The defeat was only the 9th for Oklahoma Coach Bud Wilkinson since he became head coach at Oklahoma in 1947 and virtually ended any chance for the Sooners getting a third straight national championship.

Although the partisan, sellout crowd of 62,000 came out for a Roman holiday, they were stunned into silence as the Sooners were unable to pull their usual last-quarter winning touchdowns- a Wilkinson team trademark. As the game ended, when Oklahoma’s desperation passing drive was cutoff by an intercepted aerial, the crowd rose as one and suddenly gave the Notre Dame team a rousing cheer.

It was a far cry from last year when the Sooners ran over Notre Dame 40-0. The victory gave the Irish a 3-1 edge in the five-year-old series dating back to 1952.

The smashing, rocking Notre Dame line didn’t permit the Sooners to get started either on the ground or in the air. The Sooners were able to make only 98 yards on the ground and, in the air, just 47. Notre Dame, paced by its brilliant, 210-pound fullback Nick Pietrosante, rolled up 169. In the air, the Irish gained 79 yards, hitting 9 of 20 passes, with Bob Williams doing most of the passing.

Notre Dame’s lone touchdown drive, biting off short but consistent yardage against the Sooners’ alternate team, carried from the 20 after an Oklahoma punt went into the end zone.

Time after time, Pietrosante picked up the necessary yard when he needed it as the Irish smashed through the Oklahoma line. Notre Dame moved to the 8 and the Sooner first team came in to try to make the third Sooner goal line stand of the day. Pietrosante smashed four yards through center and Dick Lynch was stopped for no gain. On the third down, Williams went a yard through center

Then Lynch, who had failed to score from the one-foot line in the second period, crossed up the Sooners and rolled around his right end to score standing up. Monty Stickles converted to give Notre Dame the upset and end collegiate football’s longest winning streak.

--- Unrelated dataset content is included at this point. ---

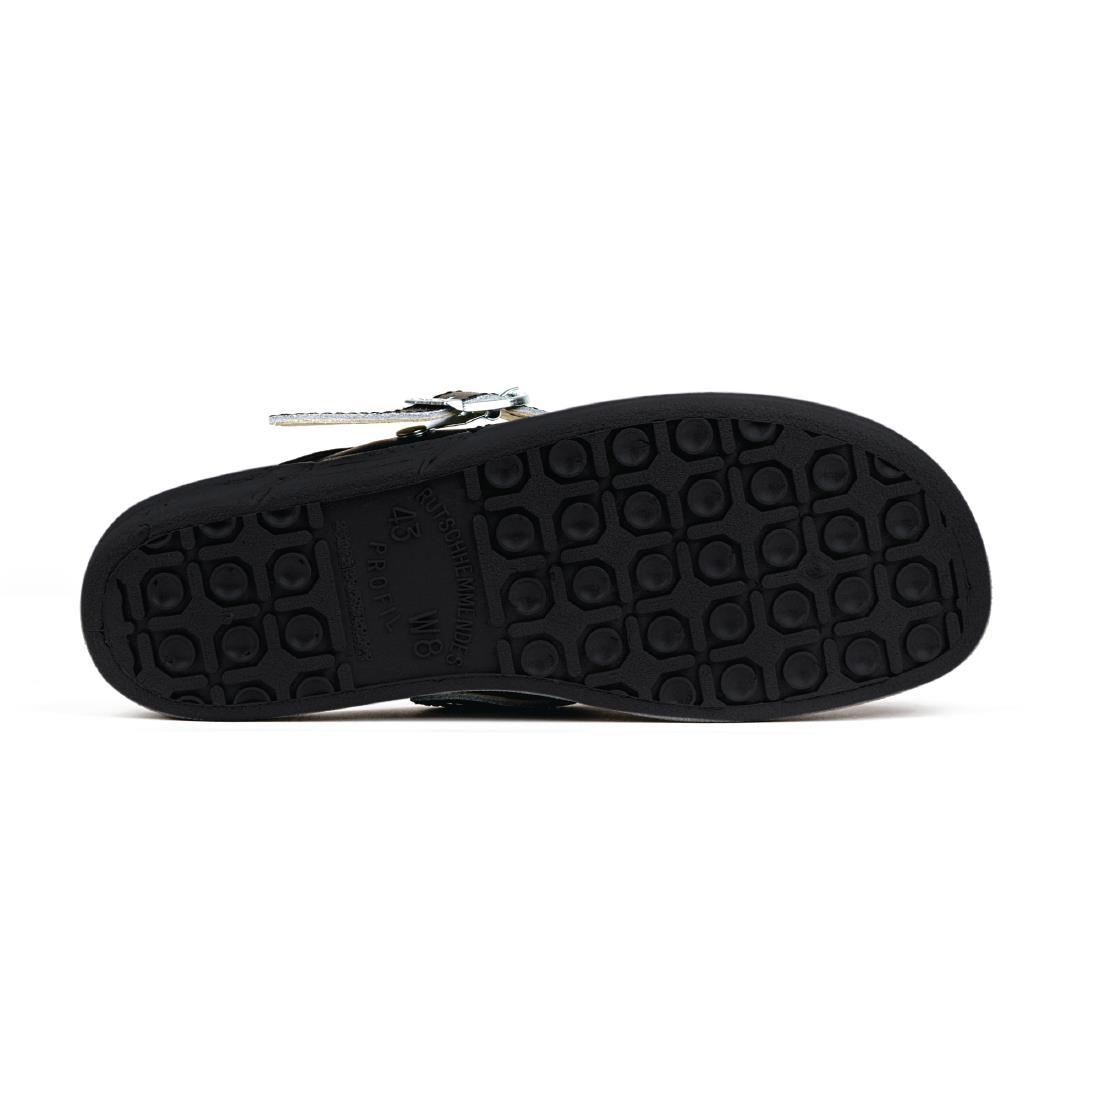 Abeba Microfibre Clogs Black Size 36 - A898-36  - 4

The closest Oklahoma could get to Notre Dame’s goal was in the first quarter when the Sooners’ alternate team moved to the 3 before being held on downs. In the third period, brilliant punting by first string halfback Clendon Thomas and alternate quarterback David Baker kept Notre Dame back on its own goal line but the Sooners couldn’t capitalize.

Thomas set punts down on the Notre Dame 15 and 4 and Baker put them down on the 3 and 7 and waited for the breaks that have come the Sooners’ way in the past to help them keep up their streak through 47 games. This time there were no breaks as Notre Dame shook off last week’s jitters that saw the Irish fumble away the ball five times to let Michigan State have an easy 34-6 victory.

Pietrosante scored almost a third of Notre Dame’s rushing yardage as he made 56 yards on 17 carries. Lynch was just two yards behind with 54 in 17 carries while the best any Oklahoma player could muster was 36 yards in 10 tries by first string halfback Clendon Thomas.

Williams completed 8 of 19 for 70 yards. In Oklahoma’s last minute desperation drive, third string quarterback Bennett Watts made 2 of 3 for 31. Notre Dame was the last team to beat Oklahoma, at the start of the 1953 season on the same field that it smothered the Sooners yesterday. Then coach Frank Leahy’s Irish beat Oklahoma 28-21. The next game, Oklahoma and Pittsburgh tied 7-7. Then, the Sooners set sail through the 47 games until Terry Brennan’s Irish stopped the string yesterday.

Wilkinson, the nation’s winningest, active coach, had amassed 101 victories in his 10 years at Oklahoma. There were 3 ties. Yesterday was his 8th loss.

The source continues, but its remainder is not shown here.